The Definition of Ordinals and the Axiom of Regularity

Question

In the first edition of his set theory textbook, Pinter defines an ordinal number to be a set which is transitive and (strictly) well-ordered by the membership relation $\in$. I believe this is the most common way of defining ordinals. Then he proves many wonderful things without invoking the axiom of regularity (foundation).

However, in the revised edition from Dover, his definition changes! He drops the well-orderedness and says

A set $A$ is called an ordinal if $A$ is transitive and ordered by $\in$.

where, by 'ordered' he means 'strictly ordered'. Moreover, his first theorem on ordinals goes like

9.27 Theorem Let $\alpha$ and $\beta$ be ordinals. If $\alpha\ne\beta$, then either $\alpha\in\beta$ or $\beta\in\alpha$.
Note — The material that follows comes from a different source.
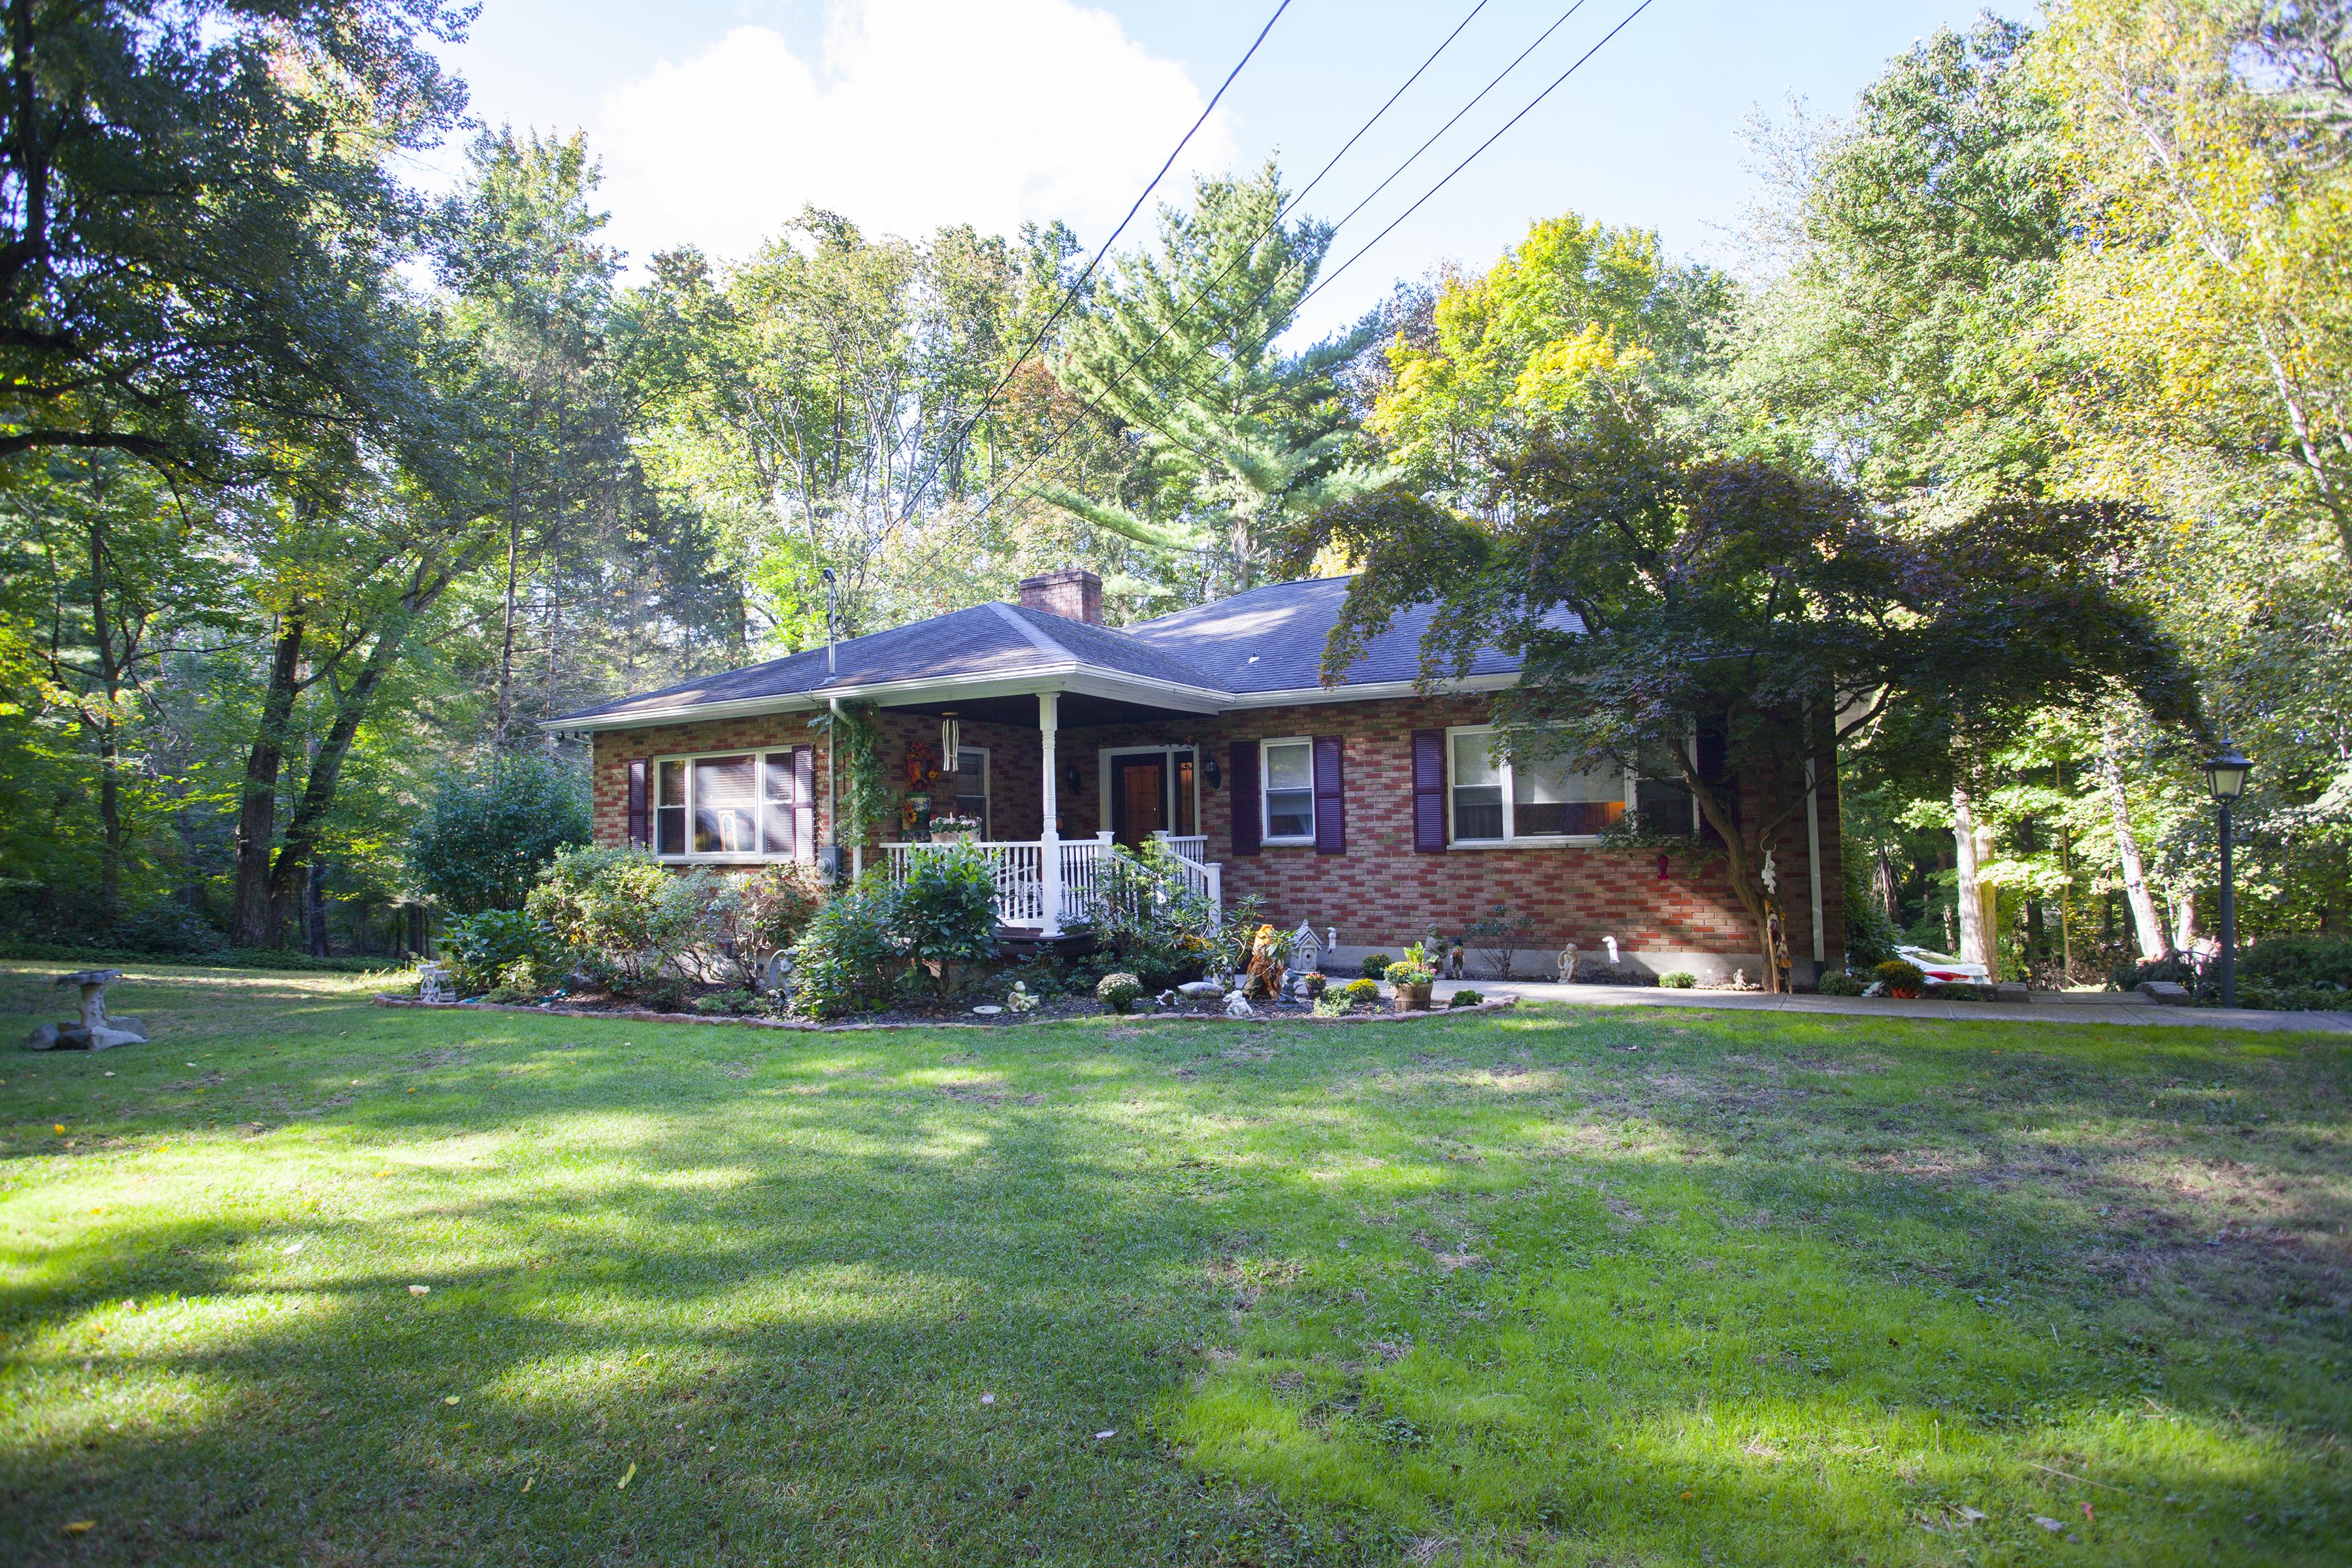 Casa Unifamiliar por un Alquiler en West Side Rental Opportunity 21 Hudson Drive New Fairfield, Connecticut 06812 Estados Unidos

and his proof makes use of the axiom of regularity on the following subclass $A$ of $\text{OR}$, where $\text{OR}$ denotes the class of all ordinals. $$A=\{x\in\text{OR}:\exists y\in\text{OR},\text{ such that }x\text{ and }y\text{ are incomparable}\}.$$

The problem is, we don't know whether $A$ is a set or a proper class in this situation, so that the axiom of regularity might not be applicable. The book just says "Let $A$ be the following subSET of $\text{OR}$..." and I'm very confused here.

So my questions are

1. Is the class $A$ above necessarily a set?
2. Is there a short proof that dropping the well-orderedness on the definition of ordinals does not affect the theory? Perhaps assuming the axiom of regularity if necessary?

Thank you in advance.

Answer 1

Eric Wofsey's answer shows that regularity for sets implies regularity for classes, provided you have enough other axioms (like replacement) available. In the particular case you asked about, where the class $A$ consists of transitive sets, you can avoid part of Eric's argument, namely the part where he produces a transitive set $T$.

In detail: Given a nonempty class $A$ of transitive sets, begin by considering some $y\in A$. If you're very lucky, $y\cap A=\varnothing$ and you're done. So suppose from now on that $y\cap A$ is a nonempty set. (It's a set, not a proper class, because $y$ is a set.) By regularity for sets, $y\cap A$ has an element $z$ with $z\cap y\cap A=\varnothing$. So we have $z\in A$, and if we can show $z\cap A=\varnothing$ then we'll be done.

Now we use that all elements of $A$ are transitive. In particular $y$ is transitive, so, from $z\in y$, we get $z\subseteq y$ and thus $z\cap y=z$. But then what we already knew, that $z\cap y\cap A=\varnothing$, simplifies to $z\cap A=\varnothing$, and the proof is complete.

Answer 2

Well, given that the result is valid, $A$ turns out to be empty, so it is always a set. But you are right that there is something wrong with this argument.

Here's the trick which makes it valid to apply Regularity to classes, not just sets. Let $C$ be any nonempty class. We will prove there exists $x\in C$ such that no element of $x$ is in $C$.

Since $C$ is nonempty, choose some $y\in C$. Recursively define a sequence of sets $y_0=\{y\}$, $y_{n+1}=\bigcup y_n$ for $n\in\mathbb{N}$. Let $T=\bigcup_{n\in\mathbb{N}}y_n$ (this uses Replacement to say the set $\{y_n:n\in\mathbb{N}\}$ exists and then Union). The set $T$ is transitive: if $a\in y_n$ for some $n$ and $b\in a$ then $b\in y_{n+1}$. (In fact, $T$ is the smallest transitive set containing $\{y\}$, called the transitive closure of $\{y\}$.) Now consider $S=T\cap C$, which is a set by Separation. Since $y\in S$, $S$ is nonempty. By Regularity, there exists $x\in S$ such that no element of $x$ is in $S$. Then $x\in C$, and no element of $x$ is in $C$, since every element of $x$ is in $T$ by transitivity.